In quel periodo ricordo che Cinà ebbe a confidarmi le sue preoccupazioni in quanto aveva ricevuto troppe responsabilità soprattutto in relazione a contatti con esponenti politici per conto dell’organizzazione mafiosa per cui mi aveva esternato la volontà di volersi allontanare dall’Italia per recarsi negli U.S.A.. A tal proposito ricordo che tra il settembre e ottobre del 1992 Riina mi invitò a non aiutare Cinà nell’esaudire la sua volontà di allontanarsi dall’Italia perché i nostri contatti politici dipendevano da lui, dicendomi che ‘se si brucia siamo rovinati’. In vero Cinà mi disse che era stato lui ad avere i contatti con i politici ai quali avanzare delle richieste tra cui l’eliminazione del 41bis”.

“Saruzzo”
Rosario Naimo, detto “Saruzzo”, classe 1945, è stato considerato un “re del narcotraffico”, tanto che il capo di Cosa Nostra Totò Riina di lui diceva che “era più potente del presidente degli Stati Uniti”. Il 27 ottobre 2010 è stato arrestato a Palermo dalla Guardia di Finanza. Lui stesso ha raccontato di essersi voluto consegnare dopo diversi anni nei quali non si riconosceva più in quella Cosa Nostra che l’aveva visto affiliarsi negli anni ’60. Subito dopo è iniziato il suo percorso di collaborazione con la giustizia. Ma la sua storia giudiziaria è cominciata parecchi anni prima. Nel 1991 è stato lo stesso Giovanni Falcone a chiedere il suo rinvio a giudizio, all’epoca Naimo è risultato coinvolto in un’inchiesta antidroga chiamata “Sea Port” relativa ad un vasto traffico di cocaina tra Colombia, Stati Uniti e Sicilia. “Saruzzo” era stato quindi condannato a 25 anni in primo grado, pena ridotta poi a 19 anni in appello.

Il pentito entra in aula
A distanza di tanti anni Rosario Naimo ha testimoniato oggi all’udienza del processo sulla trattativa Stato-mafia. Si è presentato in aula accompagnato dagli agenti del Gom. Vestito elegantemente, con passo lento, è comparso così un anziano signore dai capelli bianchi. Niente a che vedere con la fotografia scattata al momento del suo arresto. Ad osservarlo attentamente, sugli spalti dell’aula bunker, centinaia di studenti di alcune scuole palermitane ed anche un folta rappresentanza del liceo scientifico di Partinico (Pa), insieme ad alcuni esponenti della “Scorta civica” di Palermo.

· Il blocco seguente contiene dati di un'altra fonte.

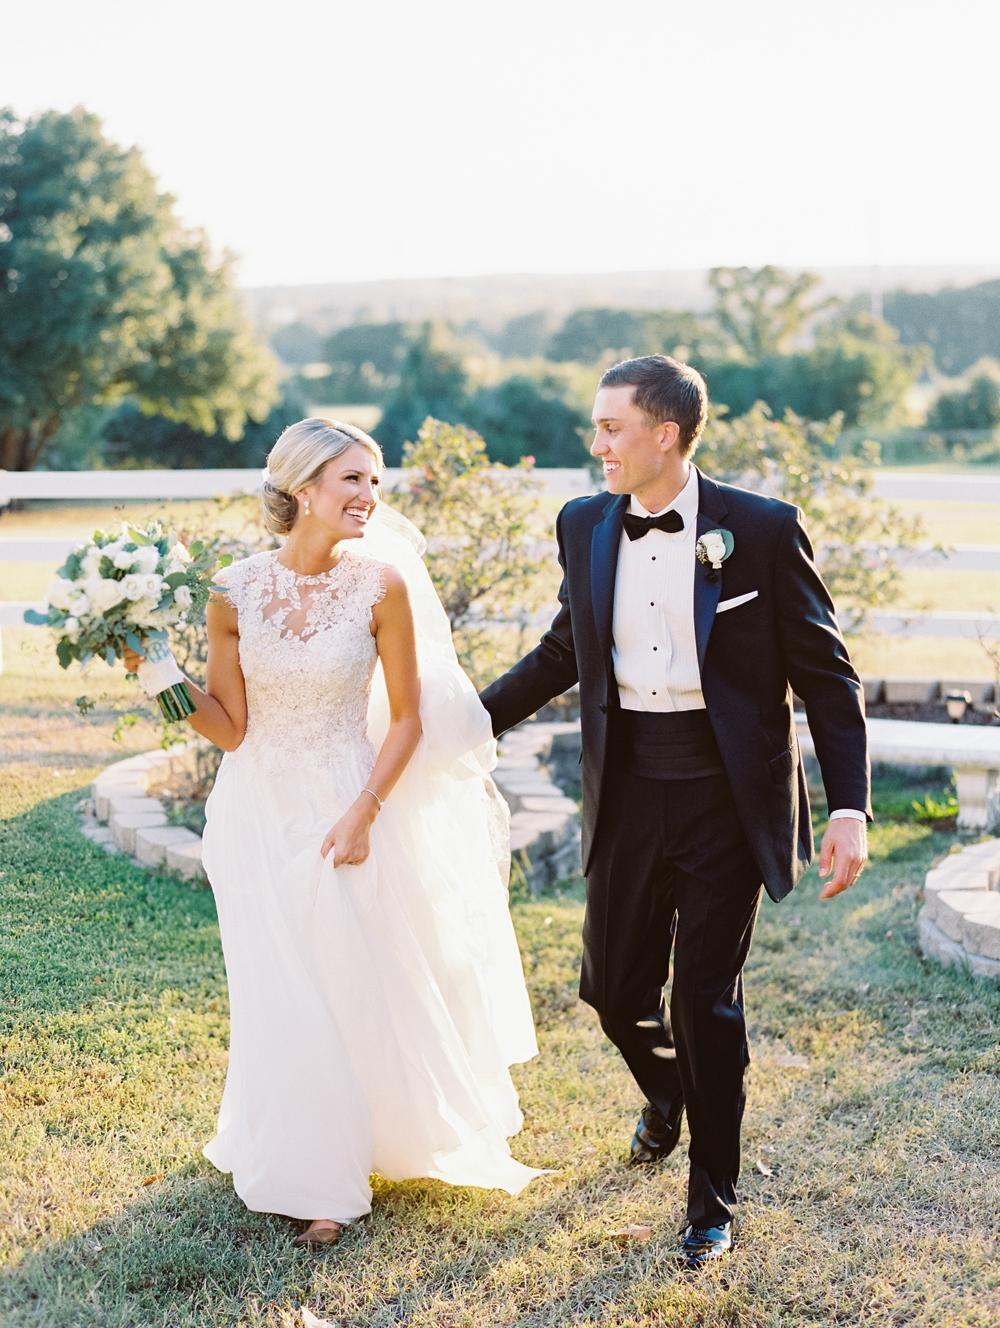 Megan & Corbin - Lonestar Mansion | Burleson, TXVendors: Venue: Lonestar Mansion | Planning: Cardinal & Co Events | Florals: Lilium Florals | Hair & Makeup: The Styling Stewardess

Nel rispondere al pm Francesco Del Bene lo stesso Naimo ha ripercorso il suo verbale di interrogatorio del 6 febbraio 2014. Ecco quindi che è emerso con tutta la sua forza il “ruolo” strategico del medico di Totò Riina, Antonino Cinà, già condannato per associazione mafiosa, attualmente alla sbarra nel processo Trattativa per il suo ruolo di intermediario tra Stato e Cosa Nostra. Sarebbe transitato proprio dalle sue mani il famoso “papello” con le richieste di Riina allo Stato per far cessare le stragi.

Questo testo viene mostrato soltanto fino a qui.